American science fiction writer (born 1987)

Tochi Onyebuchi (born October 4, 1987) is an American science fiction and fantasy writer and former civil rights lawyer. His 2020 novella Riot Baby received an Alex Award from the American Library Association, the Ignyte Award for Best Novella, and the World Fantasy Award for Best Novella in 2021. He is known for incorporating civil rights and Afrofuturism into his stories and novels.

==Early life and education==
Onyebuchi was born in Northampton, Massachusetts, United States. His parents were Nigerian Igbo immigrants Elizabeth Ihuegbu and Nnamdi Onyebuchi, who was a restaurant manager. His first name means "praise God" in Igbo.

His family lived in New Britain, Connecticut, until 1998, when his father died at the age of 39. His family then moved to Newington, Connecticut, to a mostly white neighborhood. He attended the Choate Rosemary Hall school in Wallingford, Connecticut.

He says: "Growing up as the son of Nigerian immigrants, I always felt like I was in a position where I didn't completely identify as an African-American; I can trace my family eight generations back, but I'm not fully Nigerian, because I was born in America. I operate in that sort of in-between space."

As a youth, Onyebuchi was an avid reader and was strongly influenced by X-Men comics, especially the character of Black Panther. While he appreciated works by black authors he was required to read in high school, such as Their Eyes Were Watching God, Invisible Man and Native Son, he preferred adventure and science fiction stories. His favorite book was the manga series Blade of the Immortal.

In high school, he studied abroad for a year in France, where he fell in love with Alexandre Dumas's The Count of Monte Cristo, and was inspired when he learned Dumas was of African ancestry. Onyebuchi wrote extensively growing up and attempted to sell his first novel in high school.

In 2009, he earned a Bachelor's degree in political science from Yale University, where he was a member of the fraternity of St. Anthony Hall. He also spent a summer in Morocco learning Arabic.

He later earned his Master of Fine Arts in screenwriting from New York University's Tisch School of the Arts. While getting his MFA, he worked as a digital media intern for Marvel Comics.

Onyebuchi also received a Master's degree in Global Economic Law from Instituts d'études politiques in France. In 2015, he received his Juris Doctor from Columbia Law School. There, he "got woke" about the differences between the lives of white and black Americans.

==Career==
After law school, Onyebuchi was licensed with the New York Bar and began a career in civil rights law. He worked in the Civil Rights Bureau of the New York State Attorney General's Office and was also an investigator for New York City's Legal Aid Society where he assisted prisoners from Rikers Island. He said, "This brought me to the edge of burnout. I wanted to remain involved in those issues, but away from the constant grind. I realized I didn't have the stamina for it."

From 2017 to 2019, he worked at a high-tech firm as a domain expert. He would use his two-hour daily commute on the train as time to write. In 2019, he left his job to devote his time to writing.

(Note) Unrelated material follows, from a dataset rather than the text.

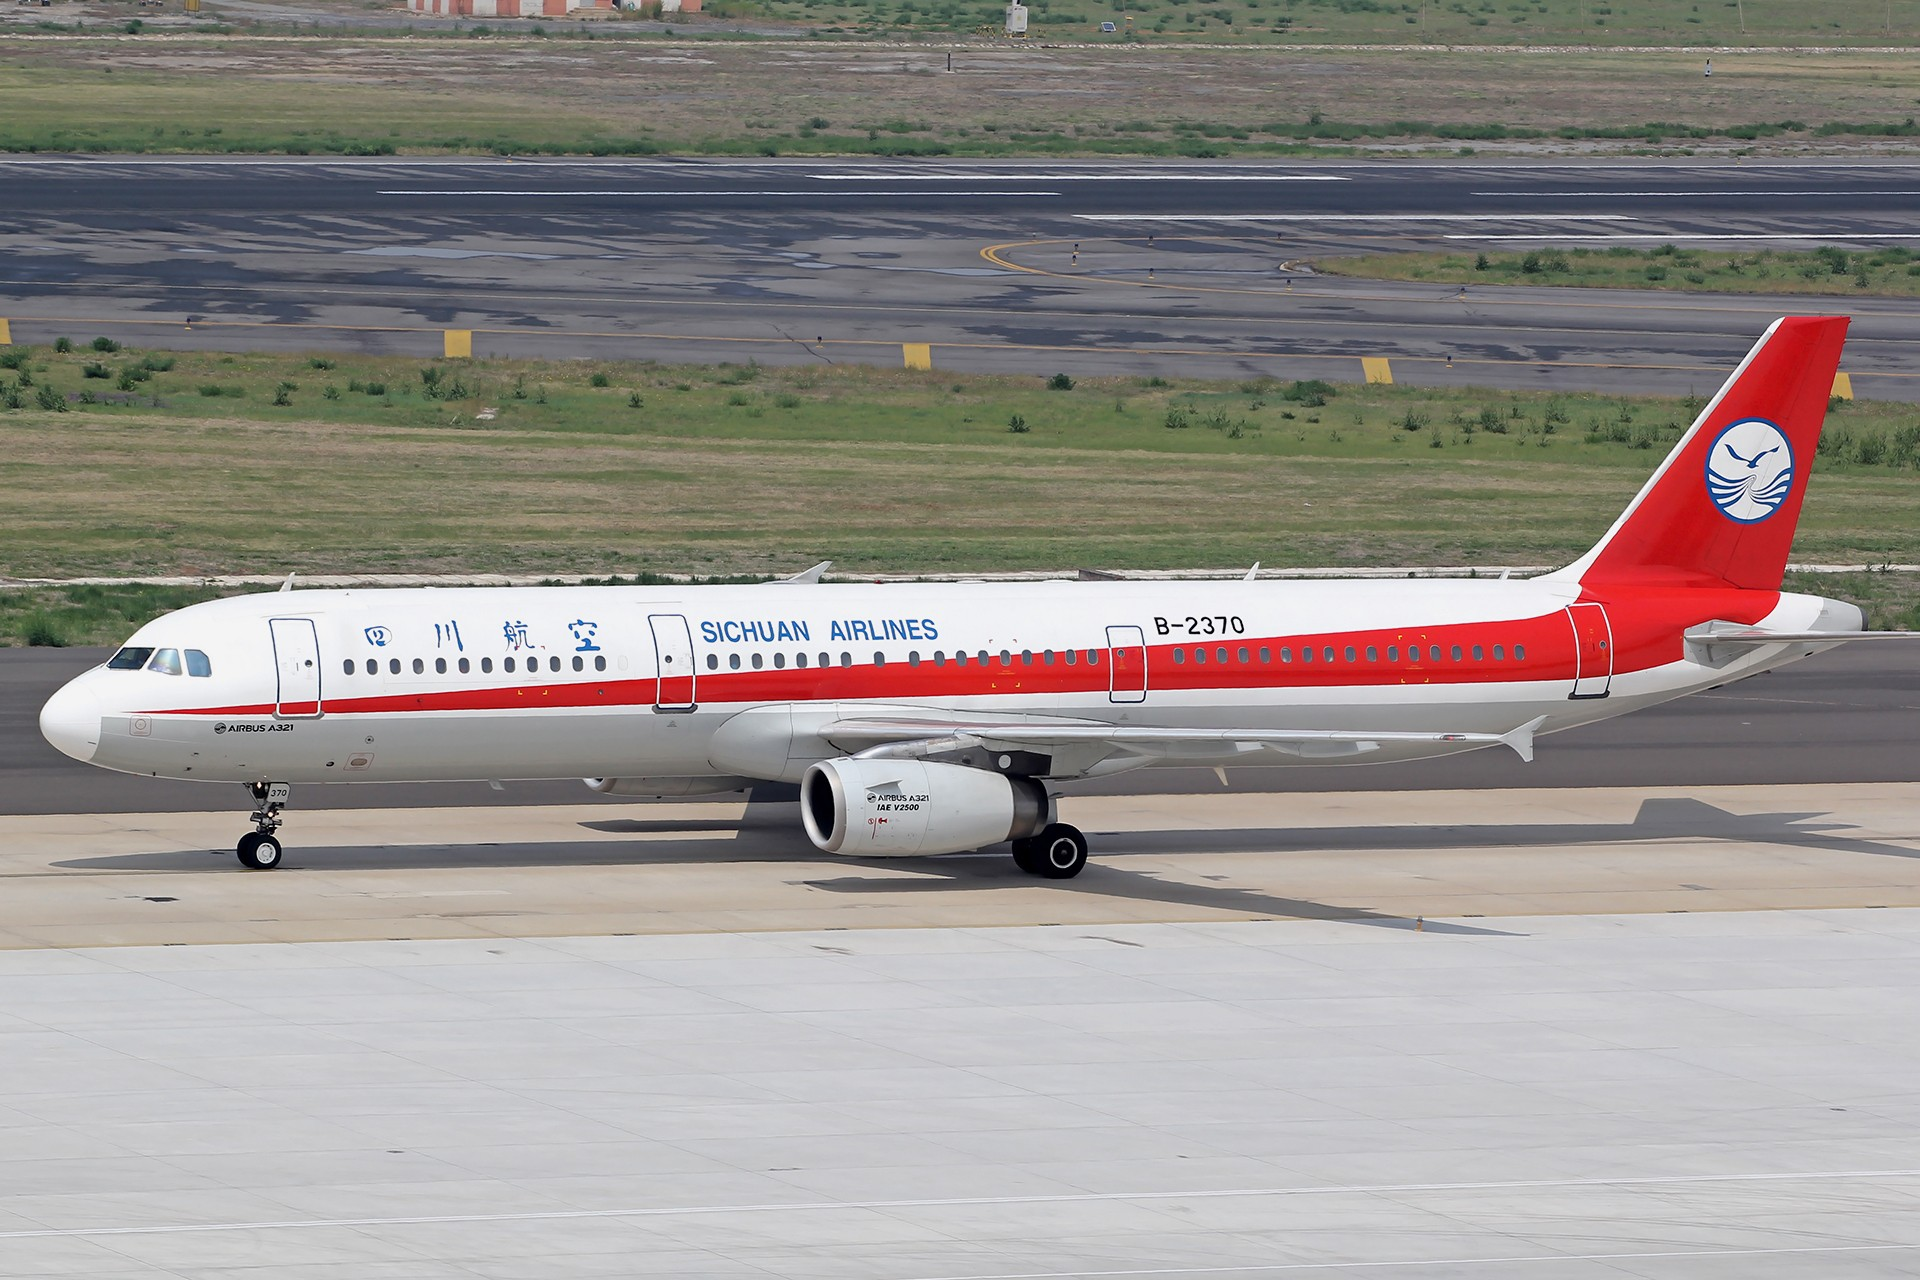 Re:[原创][DLC]雨过天晴,春意盎然…….. AIRBUS A321-200 B-2370 中国大连周水子国际机场

=== Novels and stories ===
Onyebuchi began writing novels and submitting them to publishers when he was in high school. When his first 16 novels were rejected, he decided to move on to a new project rather than to edit and resubmit. Because of this process, he had written 17 novels in 15 years. About a year after law school, he signed a contract to write two young adult novels.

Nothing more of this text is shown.